We shed new light on the anchoring of long-term euro area inflation expectations since the crisis by using micro evidence from a new survey at high (weekly) frequency. We supplement this information with measures based on the whole distribution of inflation expectations from a quarterly survey. We perform a number of statistical tests, which are typically performed on inflation expectations measures extracted from financial instruments, such as inflation swaps.

Findings

In contrast to recent evidence from market-based measures of inflation expectations, we find that long-term inflation expectations remained well anchored to the ECB's inflation aim, which has acted as a focal point.

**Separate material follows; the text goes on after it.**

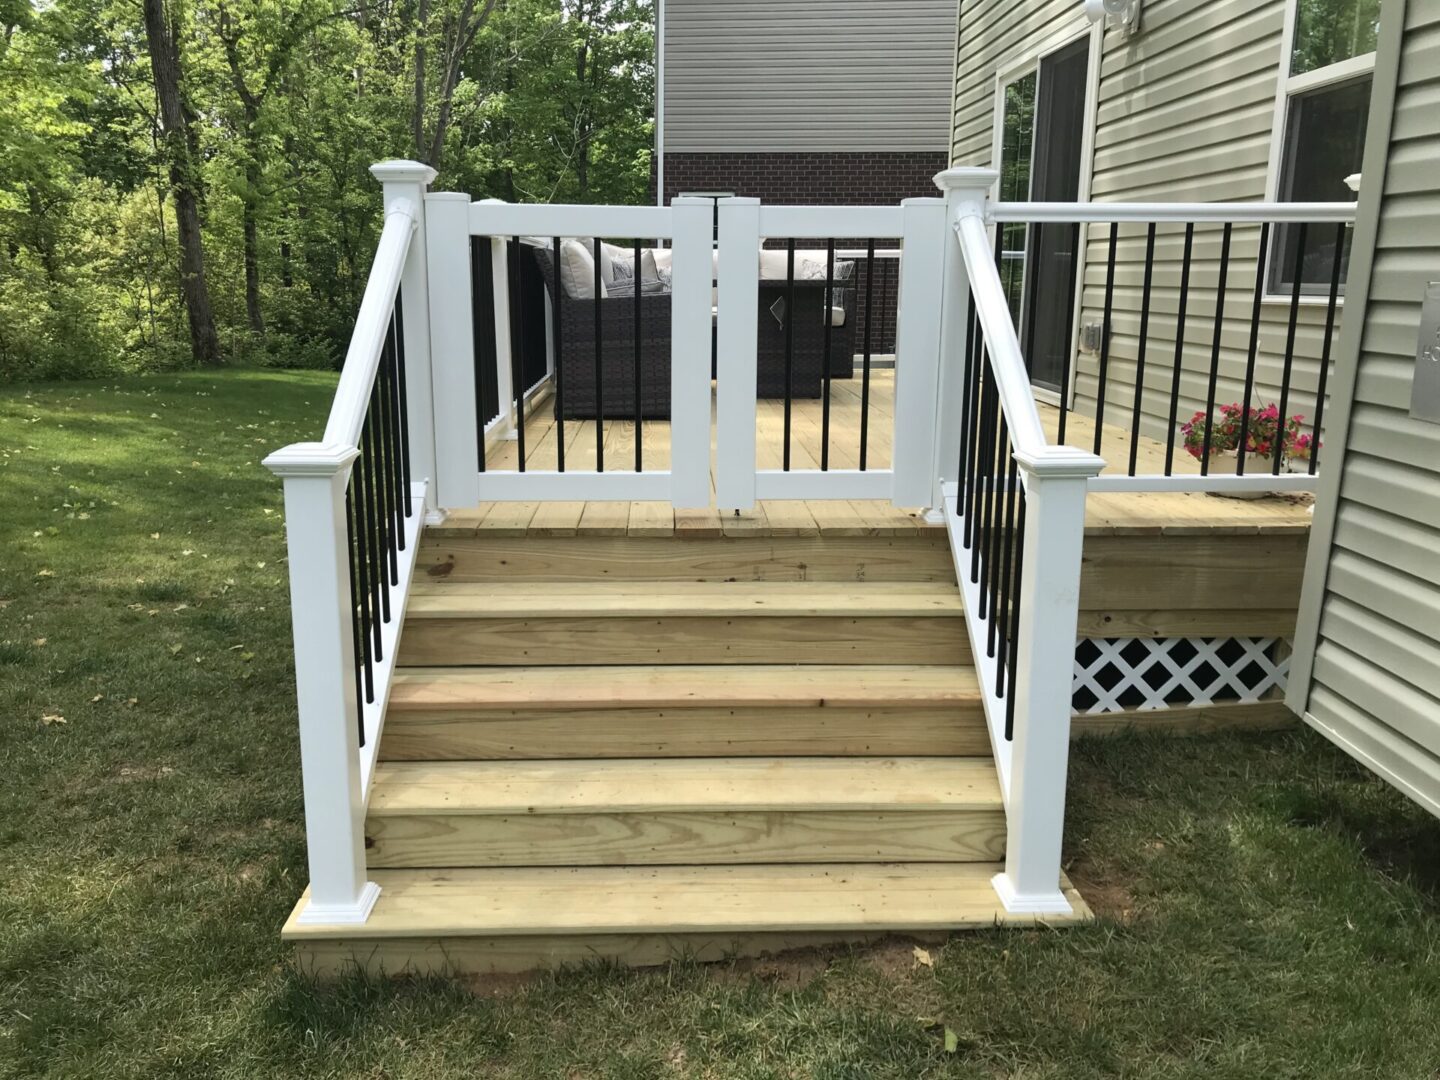 A porch with steps and railings that have been painted white.
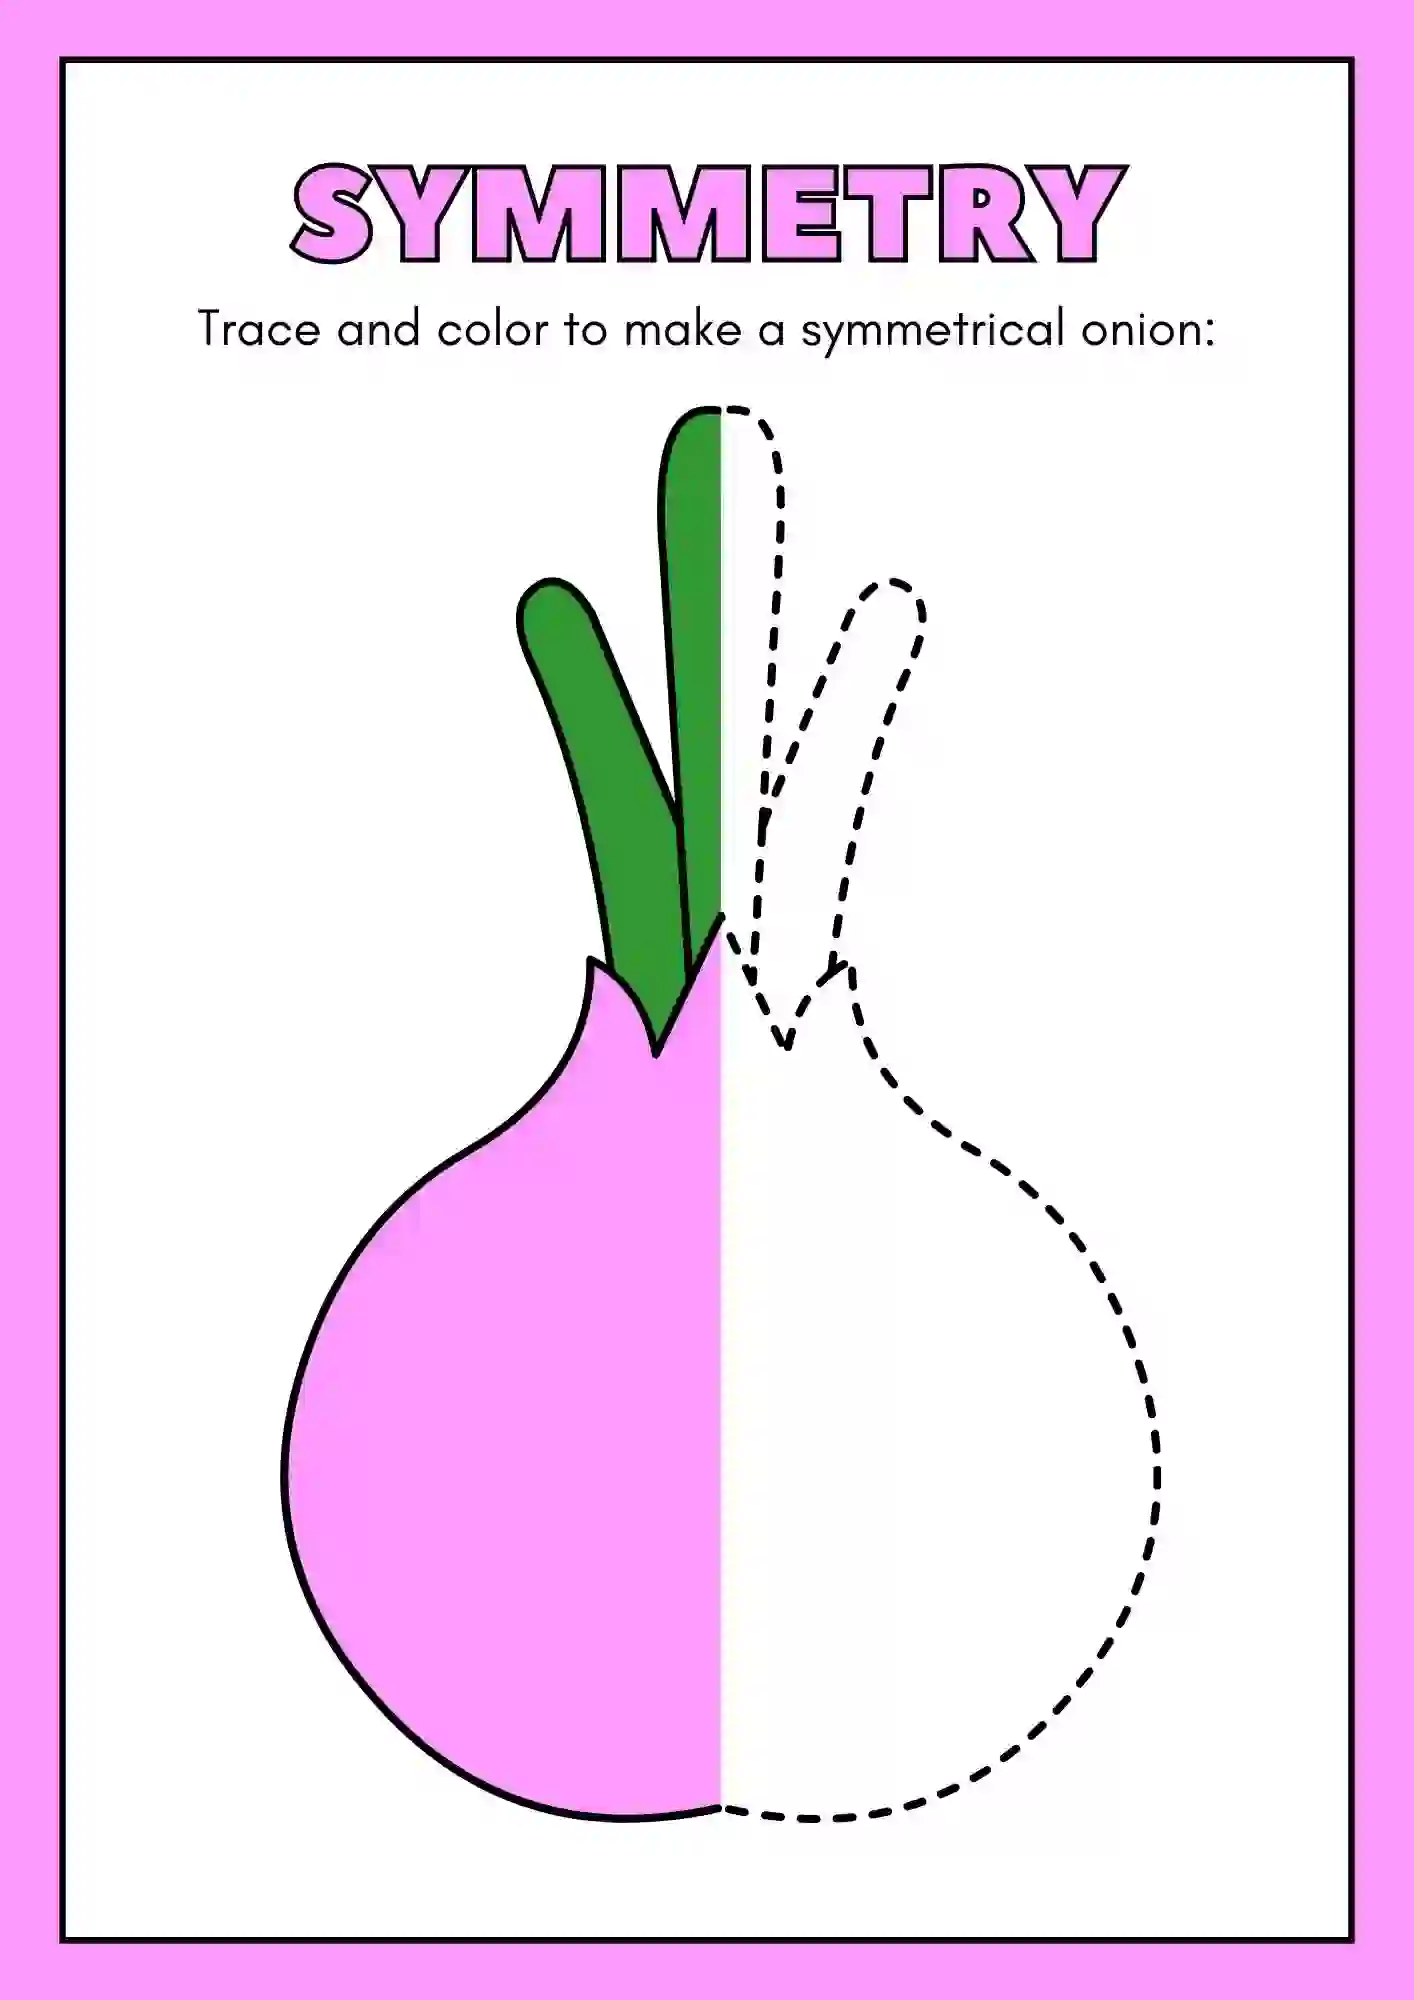 Symmetric Drawing and Coloring worksheets (onion)

We find only subtle signs of long-term inflation expectations not being perfectly well-anchored.


Abstract

We shed new light on the anchoring of long-term euro area inflation expectations since the crisis by using micro evidence from a new survey at high (weekly) frequency. We find that long-term inflation expectations remained well anchored to the ECB's inflation aim, which has acted as a focal point. By contrast, we find no evidence that professional forecasts (reported by Consensus Economics) acted as focal points. But there are subtle signs of long-term inflation expectations not being perfectly well-anchored. Using measures based on the distribution of inflation expectations from a quarterly survey, namely uncertainty based on the full distribution, the probability of expected long-term inflation lying between 1.5% and 2.5%, and the effect of short-term on long-term deflation risk, we find that long-term euro area inflation expectations have remained well-anchored, and have become better-anchored between 2011 and 2018.